Figure 2. Characterization of a GIRK1-Specific Activator, GiGA1.

(A) Bar graph shows the mean percentage of activation responses for GIRK2 and GIRK1/GIRK2 channels to compound 2 and its analogs, varying the position or number of methyl groups on the phenyl ring (100 μM). The chemical structure for each compound is shown on the bottom. Currents are normalized to the Ba²⁺-sensitive basal current. Compound 2.3 showed specificity for GIRK1/GIRK2 (called GiGA1). n is indicated on the graph.

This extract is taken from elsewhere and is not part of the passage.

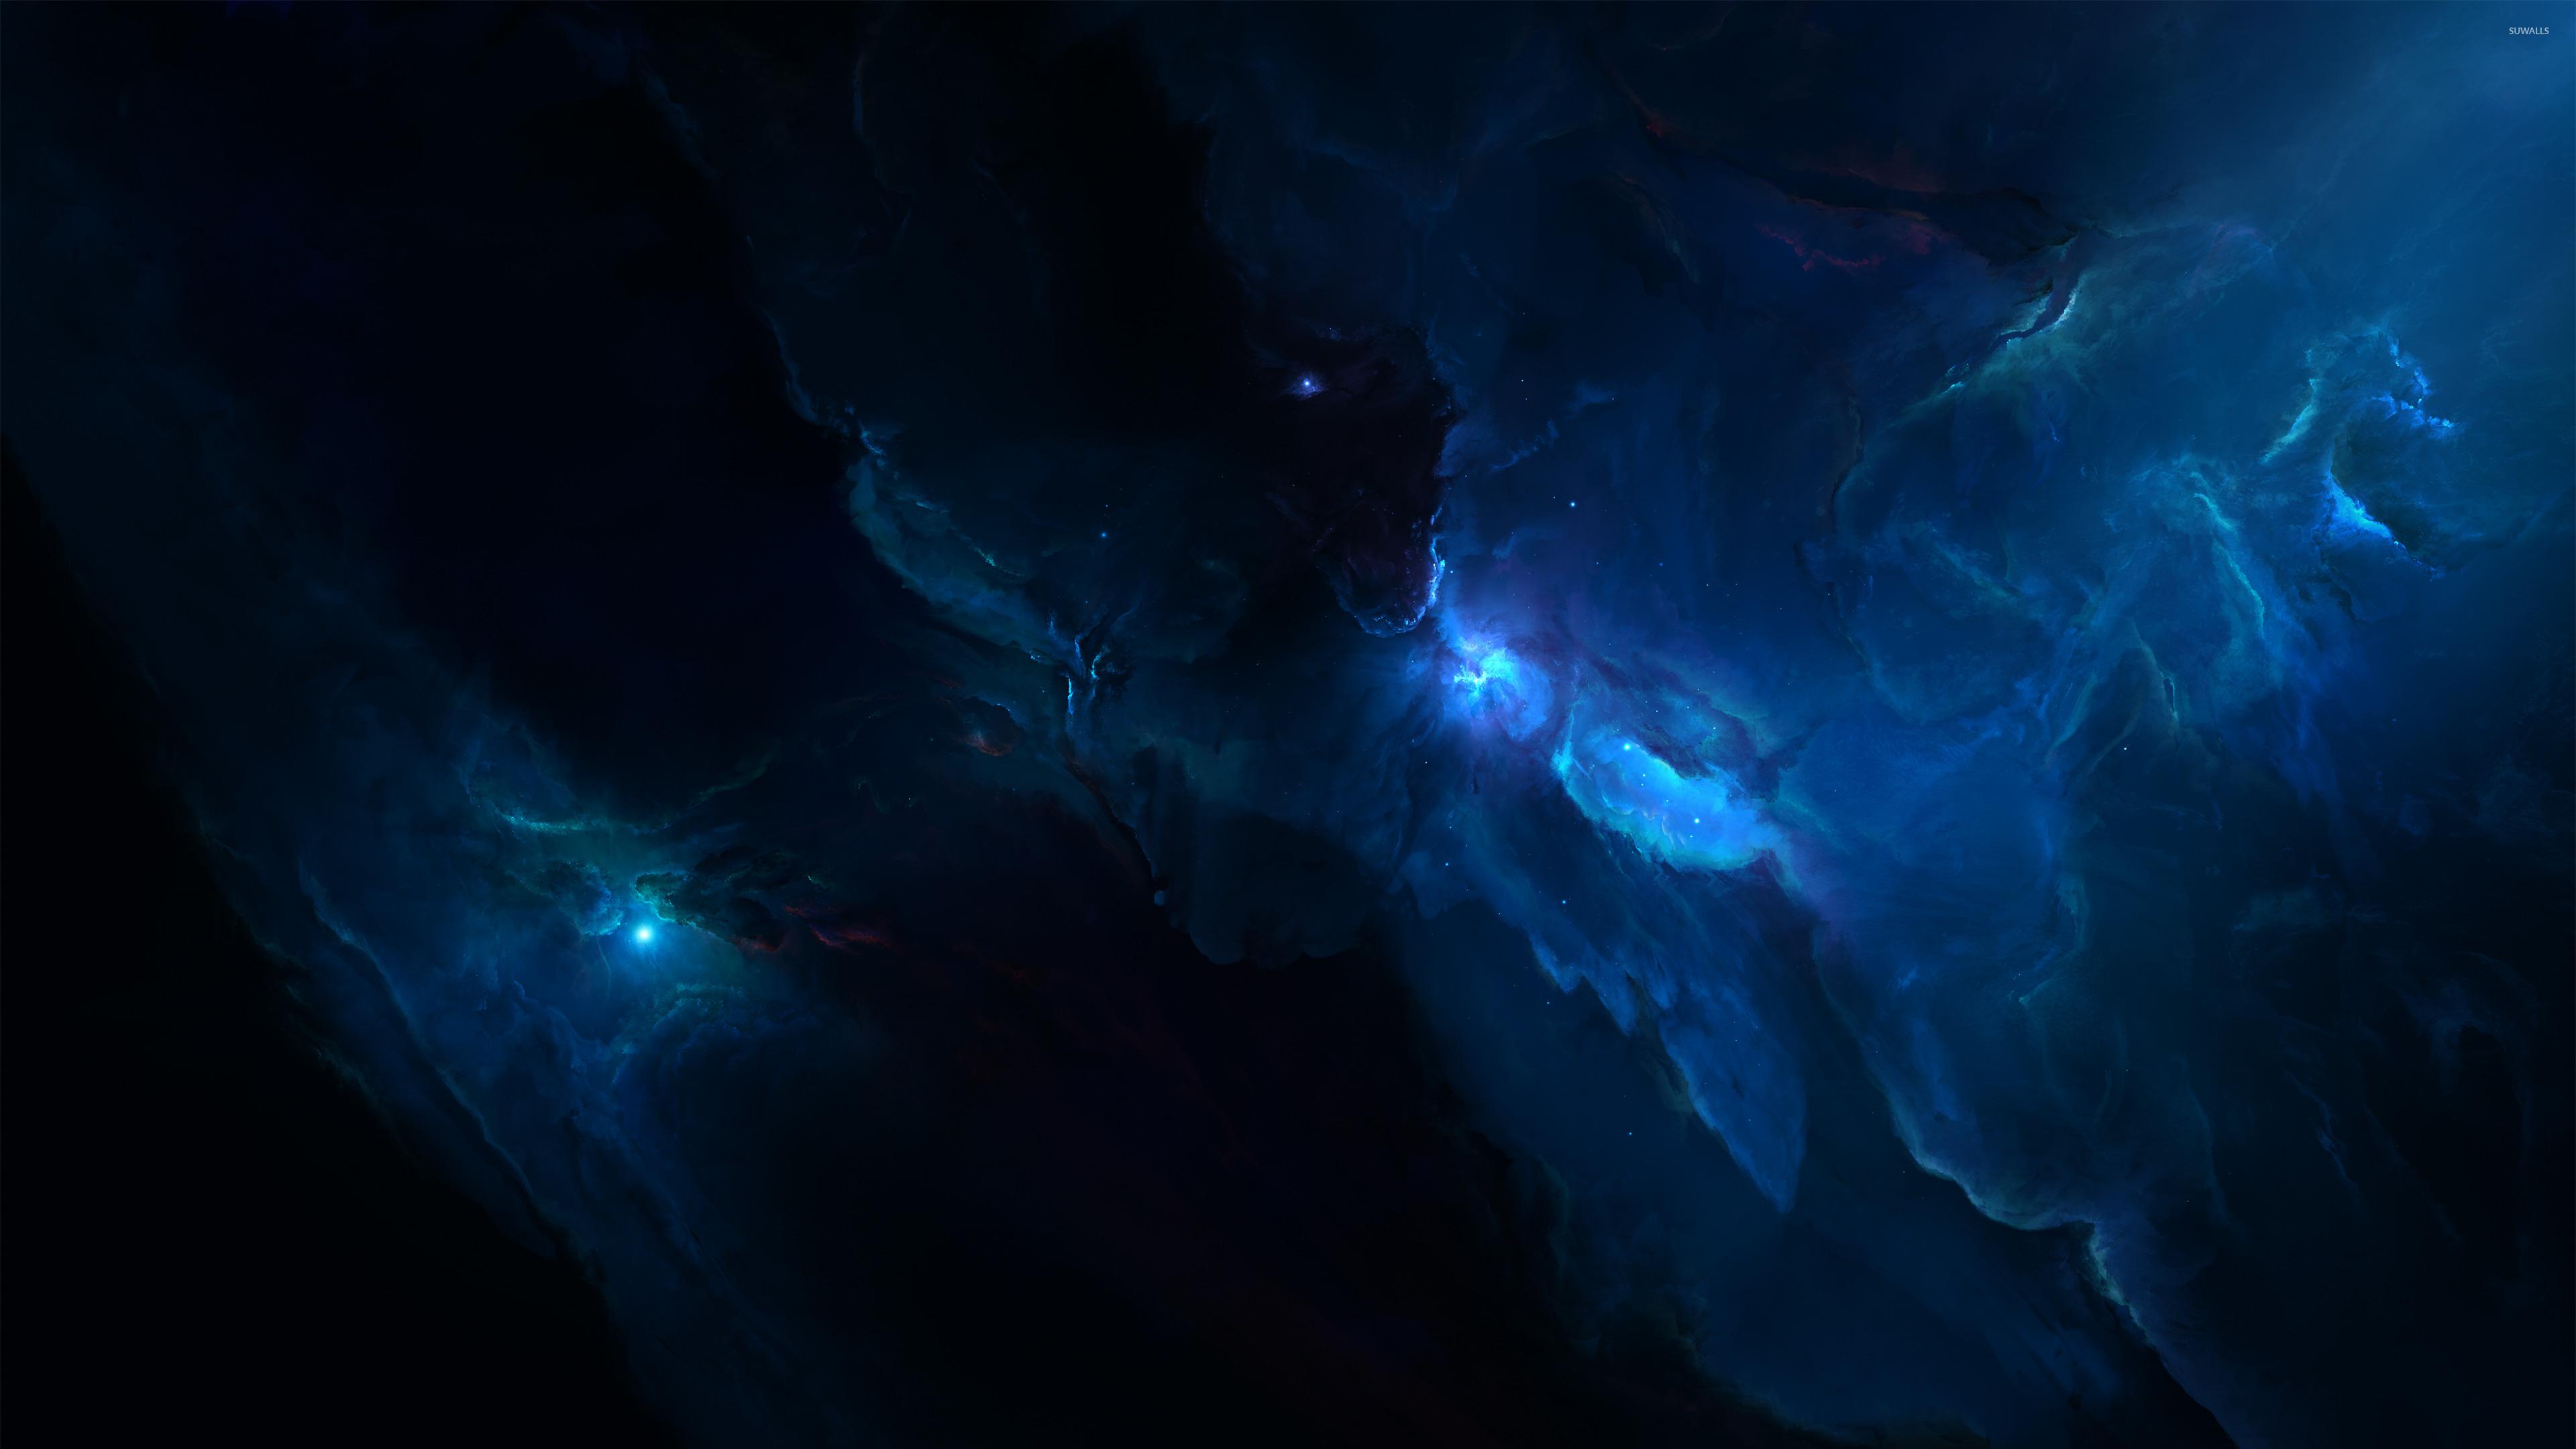 Blue nebula [2] wallpaper - Space wallpapers - #37911

(B) Traces show the current response to PrOH (100 mM), GiGA1 (100 μM), and Ba²⁺ (1 mM) for GIRK2 (top trace) and GIRK1/GIRK2 channels (bottom trace). Current-voltage plots for GIRK2 channels (top) and GIRK1/GIRK2 channels (bottom) recorded in the absence (black) and presence of PrOH (green), GiGA1 (blue), and Ba²⁺ (magenta). The arrow indicates E_K = −50 mV, with 20 mM K_out.

(C) Predicted binding mode of GiGA1 (white sticks) to a model of the GIRK1/GIRK2 (orange and blue cartoons, respectively) alcohol pocket from IFD. The binding pocket is depicted as a pink surface; the upper boundary of the pocket is limited by GIRK2_L344, and the lower boundary is marked by GIRK1_L233 (blue dashed line). o-methylphenyl moiety of GiGA1 is predicted to form π-π interactions with GIRK1_F46 (purple dashed line). Note the position in the pocket of 2′ CH₃ on the phenyl ring of GiGA1.

(D) Dose-response fit with the Hill equation is shown for activation of GIRK1/GIRK2 channels by GiGA1 (n = 6 cells). EC₅₀ = 31 μM and Hill coefficient = 2.0.

(E) Bar graph shows the mean change in percentage of activation for subtypes of GIRK channels to 25 μM GiGA1 (blue) and 100 mM PrOH (green). Note the specificity for GIRK1/GIRK2 subunits. n is indicated on the graph.

Error bars represent SEM on the graphs.